Luis César Nogueira e Silva

São praticamente 20 anos de experiência na cadeia da Suinocultura, com foco na área comercial. Esta jornada, a qual eu iniciei, com a bagagem repleta de visões e conceitos adquiridos através da experiência de trabalhar no setor divisional de custos de uma das maiores esmagadoras de soja do mundo.

Finanças e custos não só eram o meu backgroud, como chegam a ser um hobby, afinal pessoas normais assistem Netflix, e eu prefiro usar este tempo assistindo casos de sucessos de negócios, entrevistas com CEO’s que estão gerindo grandes empresas e fundos de investimentos.

Como o título nos remete a receita de lucro, podemos erroneamente levar o amigo leitor (a) a acreditar que se seguir os passos seguintes vai lucrar.

Mas a primeira verdade é que a receita é apenas um caminho, e cada empreendedor pode fazer o mesmo caminho de formas diferentes e obviamente com resultados diferentes, ou nunca escutou alguém falando, fiz o bolo igual a minha mãe e saiu totalmente diferente?

Com anos de estudo, pratica e interesse na atividade suinícola, tenho a pretensão de deixar bons insights aqui para todos os níveis de interesses e tecnologias dos produtores e leitores de todo nosso Brasil.

Parece elementar, mas não existe melhor maneira de obter sucesso, sem conhecer a atividade, passando por todas as etapas de produção. Todos aqui sabem da relevância que o milho, por exemplo, tem no custo de produção, temos ferramentas e possibilidades de fazer negociações futuras com milho, visando melhor lucro e segurança para nossa atividade no próximo ano. Entendo que até aqui estamos alinhados.

Qual a chance de eu ser mais assertivo nessa negociação para atender a minha demanda, porteira para dentro, se eu não sei meu custo de produção?           Não sei como estou de caixa, não acompanho nada sobre o mercado de grãos?

Inclusive aqui temos um ponto de grande oportunidade, vejo produtores experientes lendo e se aproximando mais do mercado de milho apenas na hora de comprar ou vender, assim sofrendo influência muito forte do momento, e atrapalhando a sua decisão.

Em resumo, de maneira simplista, acompanhando esse mercado de perto, em 15 dias ele pode mudar totalmente, mas de ano em ano ele é o mesmo.

Tudo deve começar por um orçamento bem feito para o ano futuro, de acordo com a sua visão e de sua equipe e parceiros – quero evidenciar aqui outra grande oportunidade, seus parceiros e fornecedores são um divisor de águas nesse momento.

Bons parceiros conseguem trazer a temperatura do mercado com muito mais intensidade que o próprio produtor por vezes, até pela natureza de suas atribuições, uma vez que estes, visitam e tem mais reuniões e em diferentes regiões desse nosso grande território.

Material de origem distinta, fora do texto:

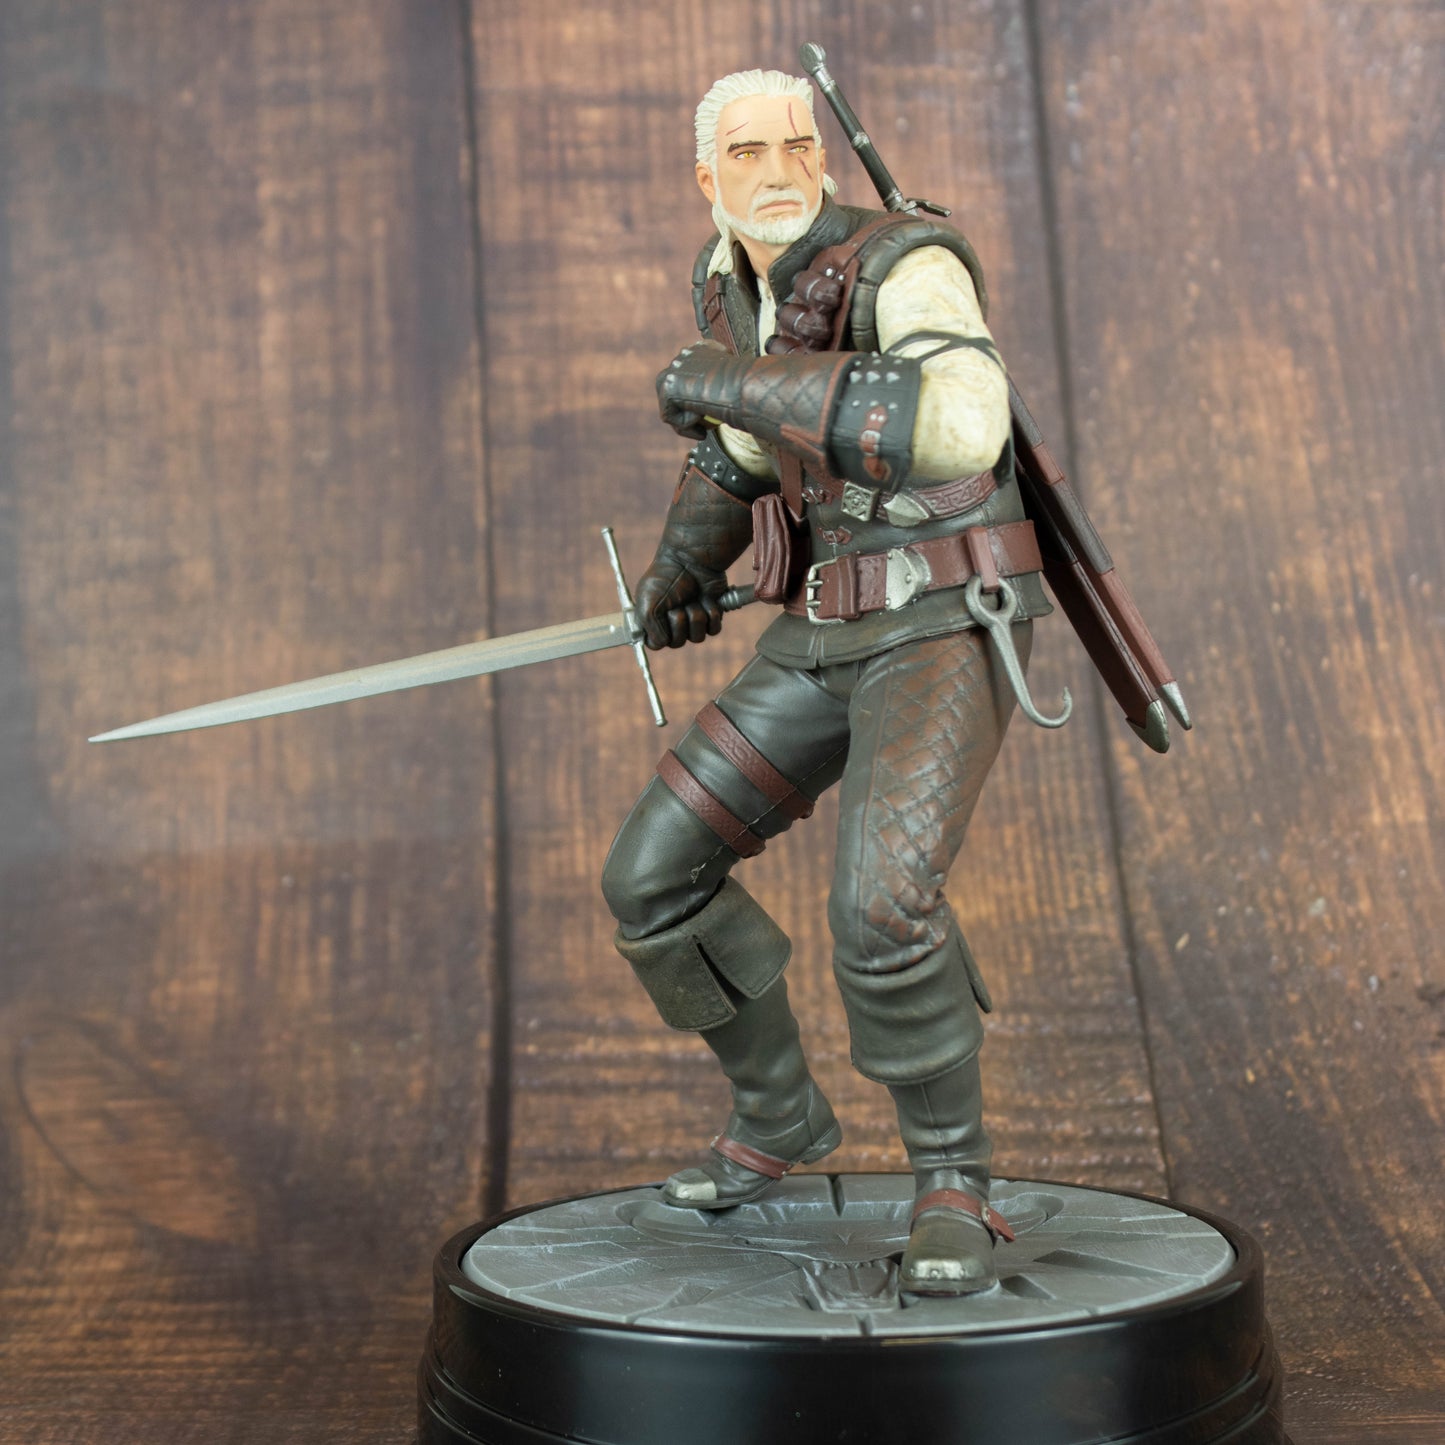 Geralt of Rivia (Manticore Armor) The Witcher: Wild Hunt Statue

Com o ano seguinte em uma planilha simples e objetiva, tem tempo de evitar que um simples furo no seu fluxo de caixa te pegue desprevenido e faça com que tome decisões não positivas ao seu negócio, perdendo eficiência e gerando desgastes a você gestor e toda a sua equipe.

Orçamento e todo planejamento realizado, vamos partir para definição de quais serão os meus indicadores de lucratividade. Eles serão os pontos objetivos  (máximo 10), que vão lhe dar uma visão macro do seu negócio, facilitando a gestão a vista e agilizando intervenções quando for necessário!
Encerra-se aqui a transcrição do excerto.